» Dataset content:
=== Begin Enclosure ===

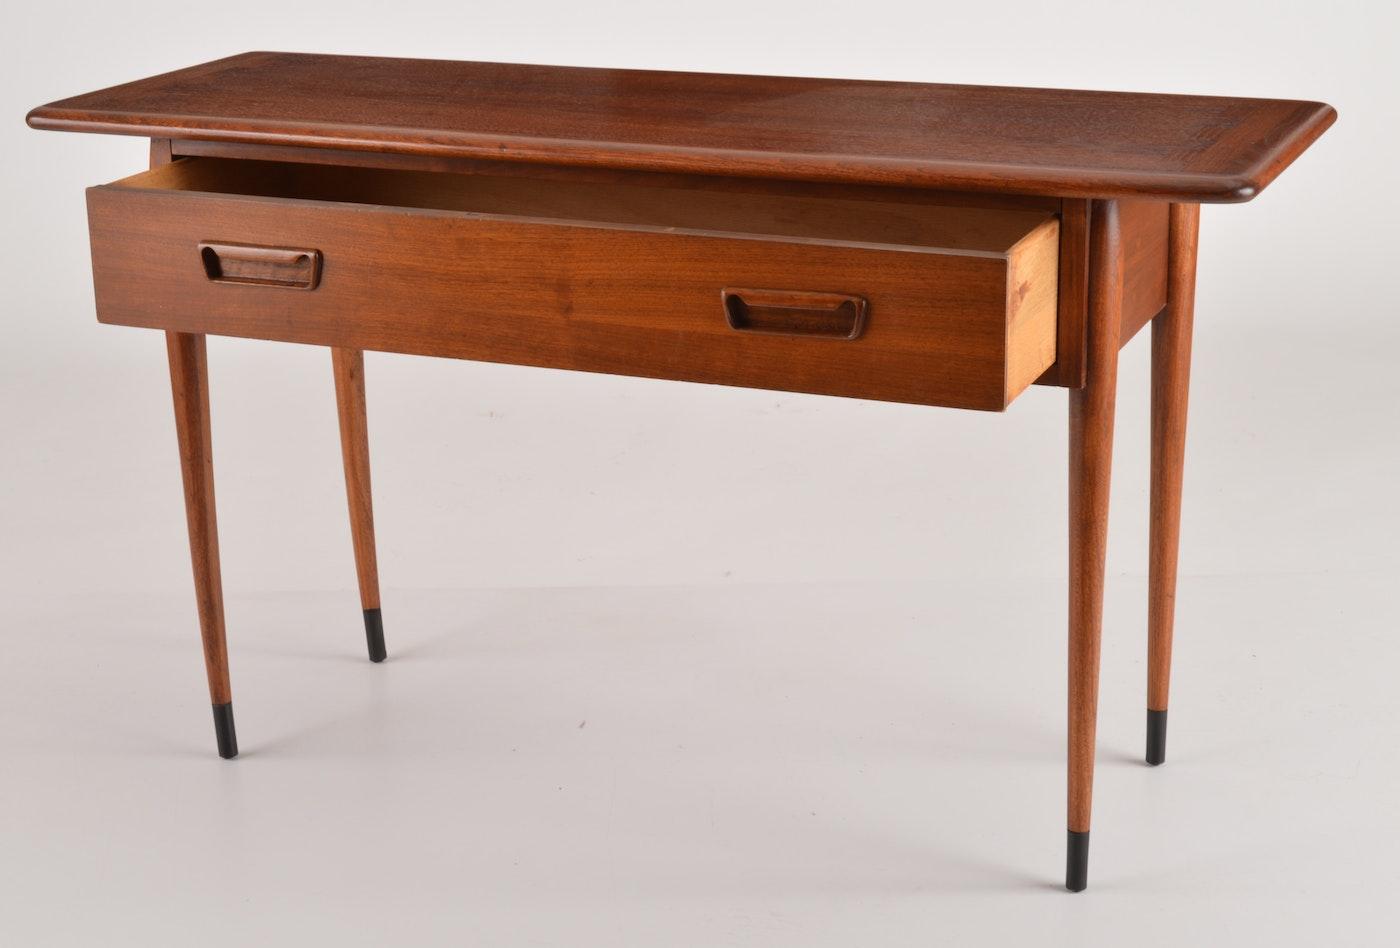 Andre Bus Quot Acclaim Quot Lane Furniture Console Table Ebth
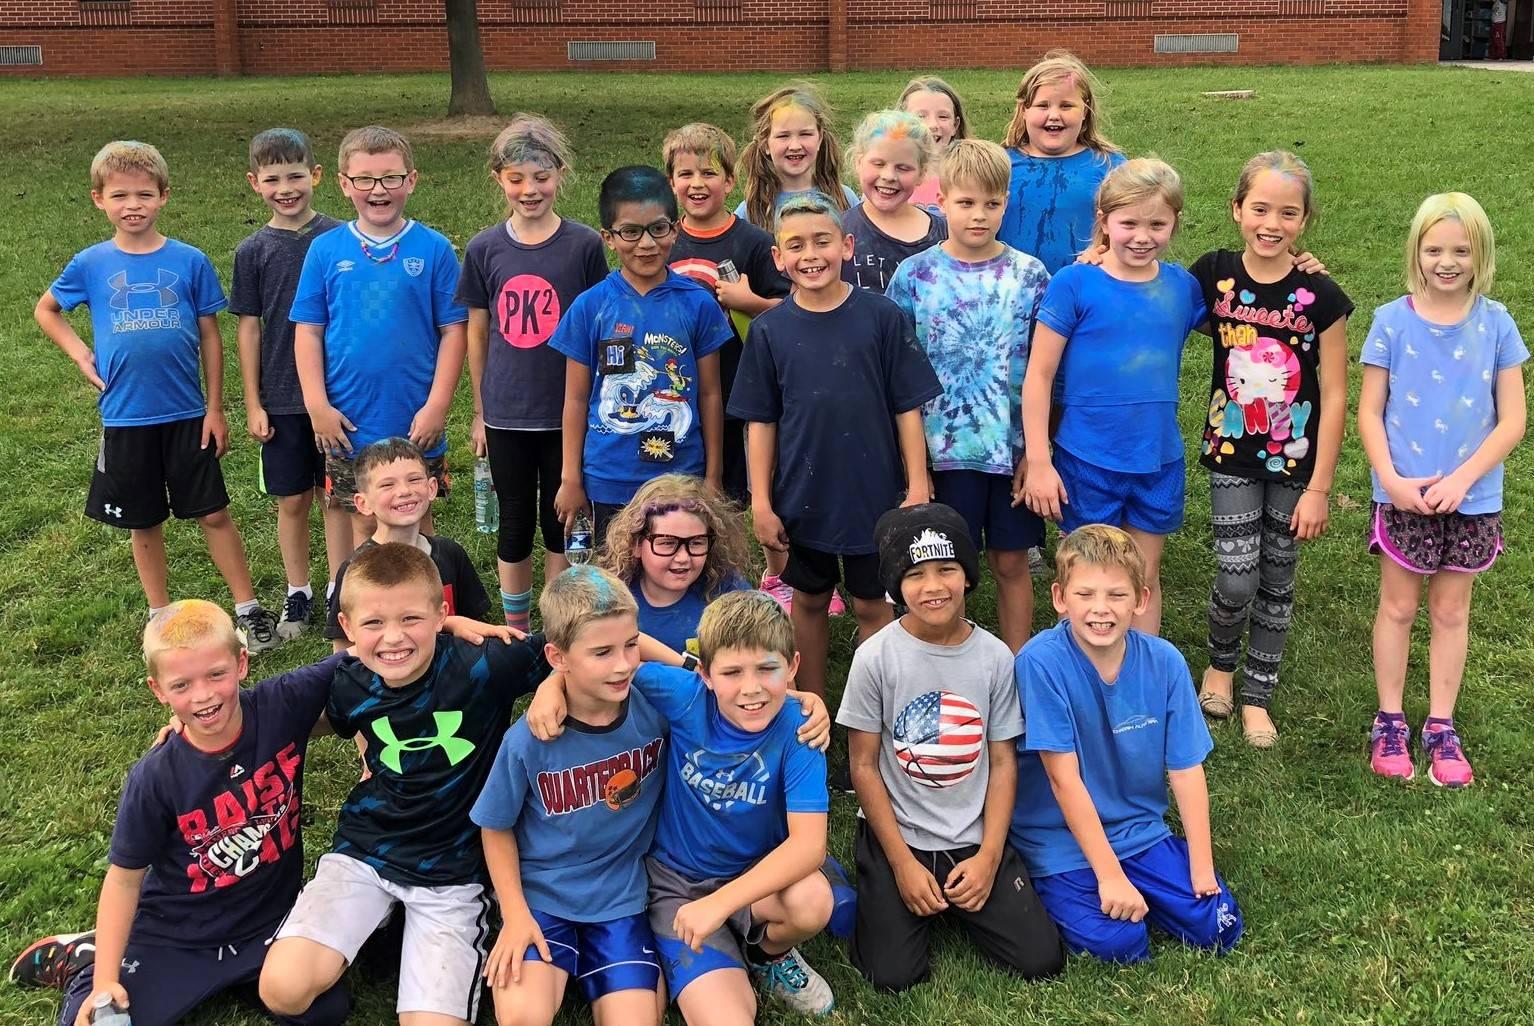 Munson Elementary Fun Run - Fall 2019
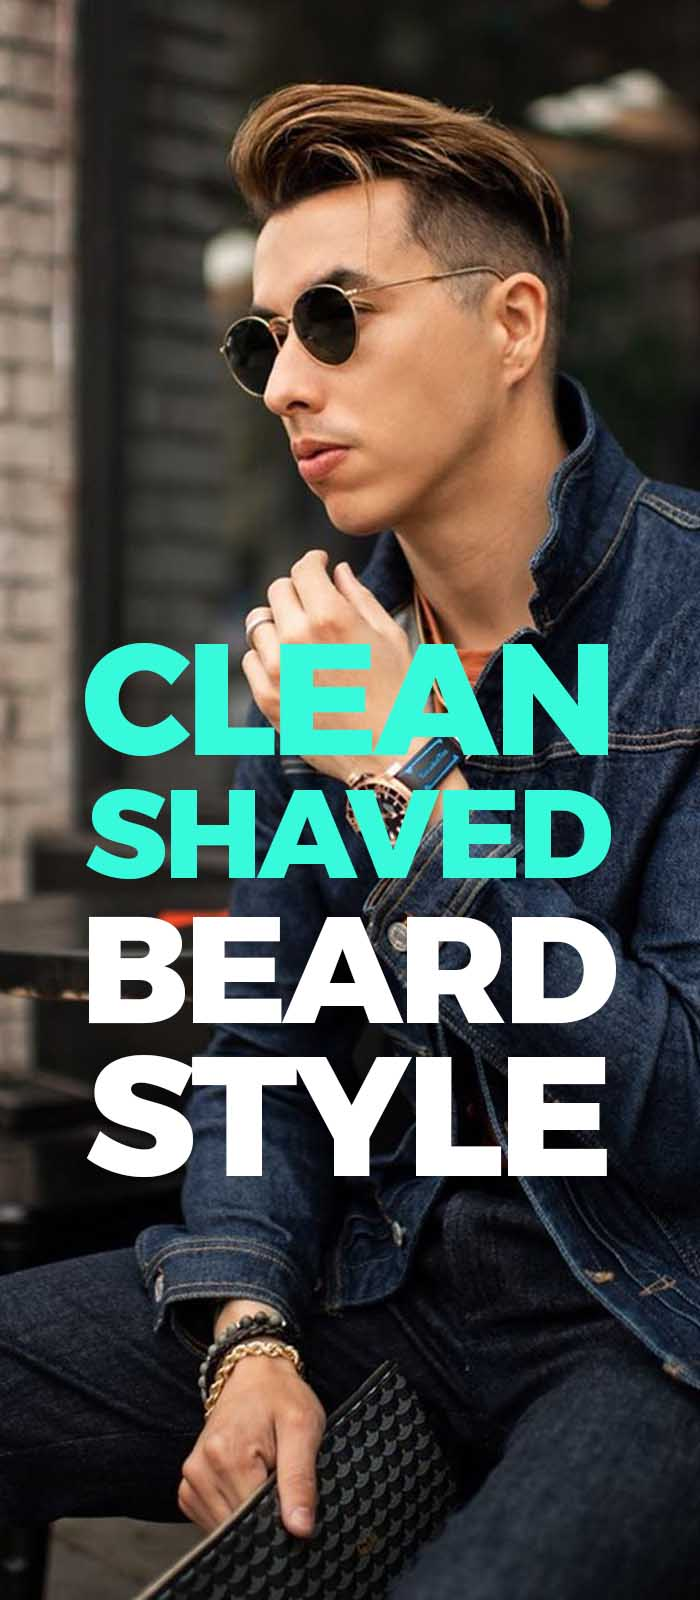 Clean shaved beard for men!

=== End Enclosure ===

» The problem: Starting at the line that holds "Munson Elementary Fun Run - Fall 2019", reproduce each line through the last one of the listing, and nothing more; the pictures stay out.

» Finished task:
 Munson Elementary Fun Run - Fall 2019
 Clean shaved beard for men!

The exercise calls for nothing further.